Is it an oversimplification to say there’s more parity? That the transfer portal and NIL are changing the sport?

BENDER: Where do Michigan, Ohio State go from here?

It may be easy, but it is also true. Yes, these were stunning upsets, but the point spreads said the games would be close. Michigan was favored by just over a touchdown against TCU, and USC was favored by less than a field goal against Tulane. When you strip away the names, these were not colossal upsets. Vegas and the betting public expected close games between quality teams, and close games are what we got.

The sport is always going to be dominated by blueboods that find the right coaches. Some combination of Alabama, Georgia, Ohio State, Notre Dame, USC, Oklahoma, LSU, Clemson, etc. is always going to make up a majority of the Top 10 in the preseason, during the season and the postseason.

But the door is now open for other programs to join. Cincinnati was in the College Football Playoff a year ago, culminating a two-year run that included a down-to-the-wire loss to Georgia in the Peach Bowl and a win at Notre Dame. TCU beat Texas and Oklahoma en route to a 12-1 record, then never trailed against Michigan en route to a national championship berth. And Tulane bounces back from a 2-10 season to beat eventual Big 12 champ Kansas State in the non-league, win an AAC title and knock off the Heisman Trophy winner in the Cotton Bowl to finish 12-2.

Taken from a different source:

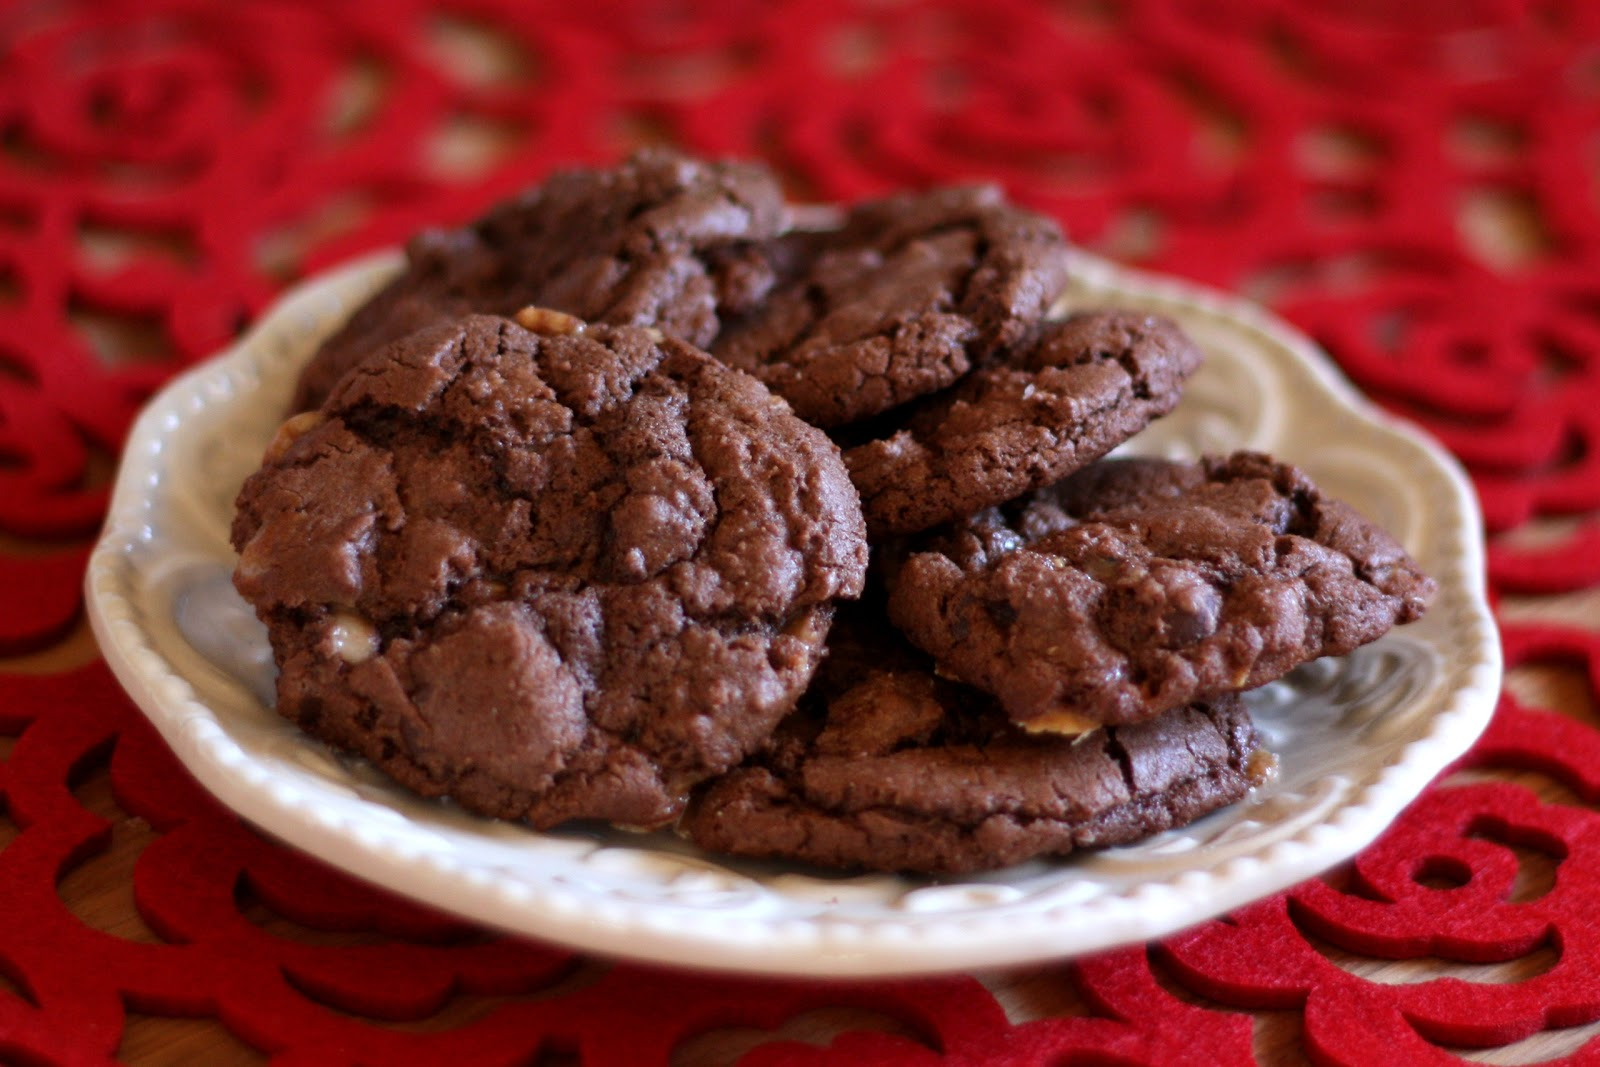 Dark Chocolate Toffee Cookies - Gluten Free or Not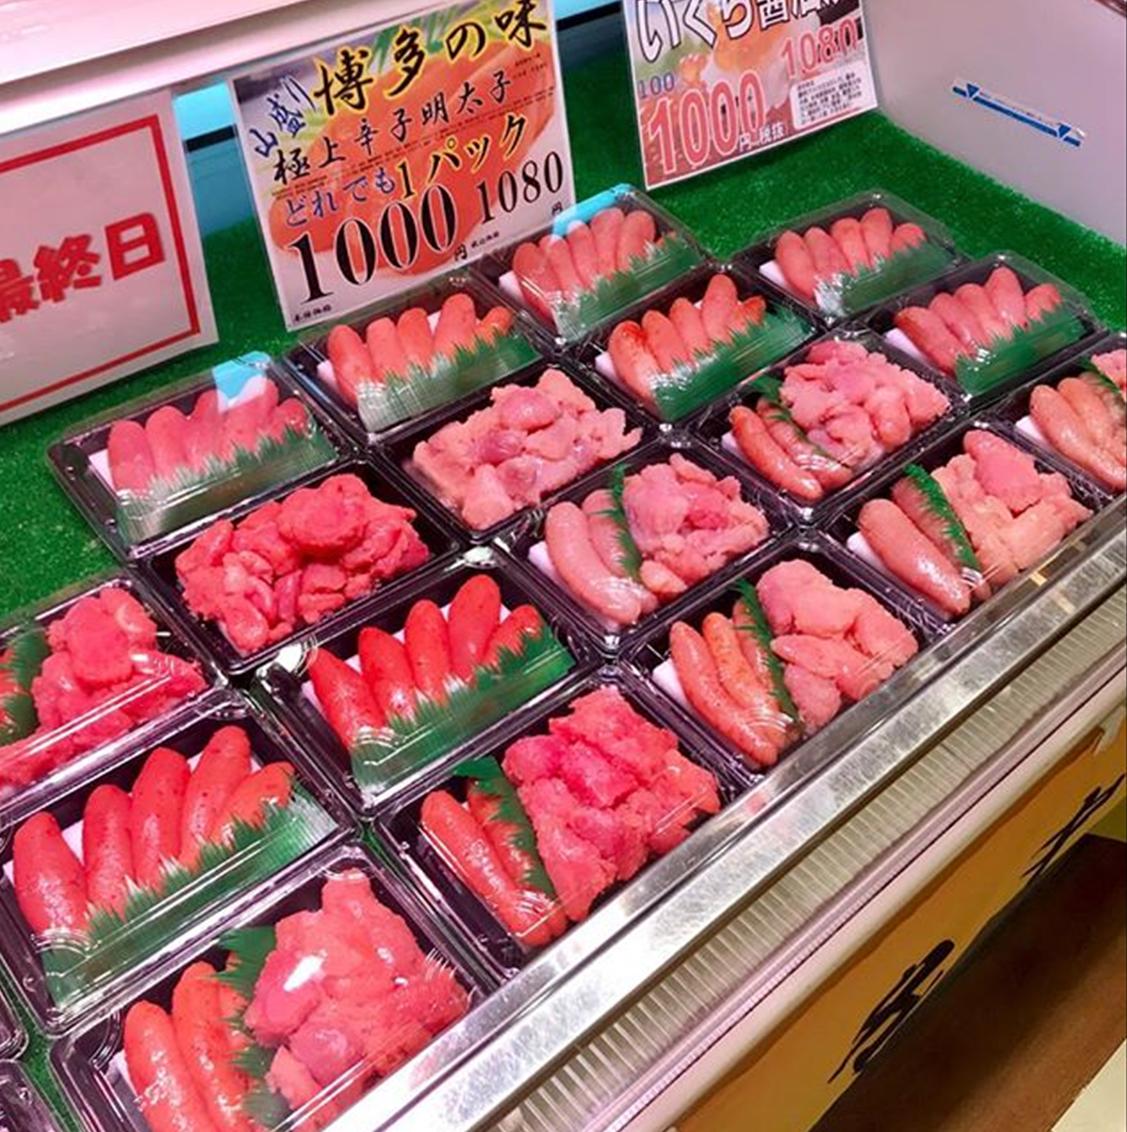 https://shop.gyorankobo.jp/wp-content/uploads/2020/04/博多中唄④.png

MORE: How Tulane pulled off improbable rally

Washington enjoyed a quicker-than-expected turnaround, from 4-8 to 11-2, thanks to a brilliant season from transfer quarterback Michael Penix. Tennessee was one of five schools that were unranked to start the season that went on to a New Year’s 6 bowl. It also started a transfer QB.

But it isn’t just transfers coming in and making an instant difference. Tulane’s turnaround has been based on the fact that the team has played together for several years, and close losses are turning into close wins. You see that in college basketball, where older, more veteran teams that play together for several seasons can have more successful seasons than more talented teams with multiple one-and-done players.

The talent composite rankings from 247Sports were long reliable when it came to projecting how teams would fare. Analysts tallied up the number of four- and five-star players each school signed out of high school, and at the top of the list lived teams such as Ohio State, Georgia and Alabama. And those teams are not going anywhere.

MORE: Winners and losers from wild bowl season

But what we are seeing is the sport can produce unexpected seasons, and the ceilings of those seasons are as high as they have ever been. With the 12-team playoff on deck in 2024, a sport that has risen to No. 2 in popularity in the U.S. is going to continue to grow with the influx of unexpected programs at the top. Administrators and coaches have told us the recent changes in the sport have been “unprecedented” over and over.

The results are starting to be, too. And that’s a good thing.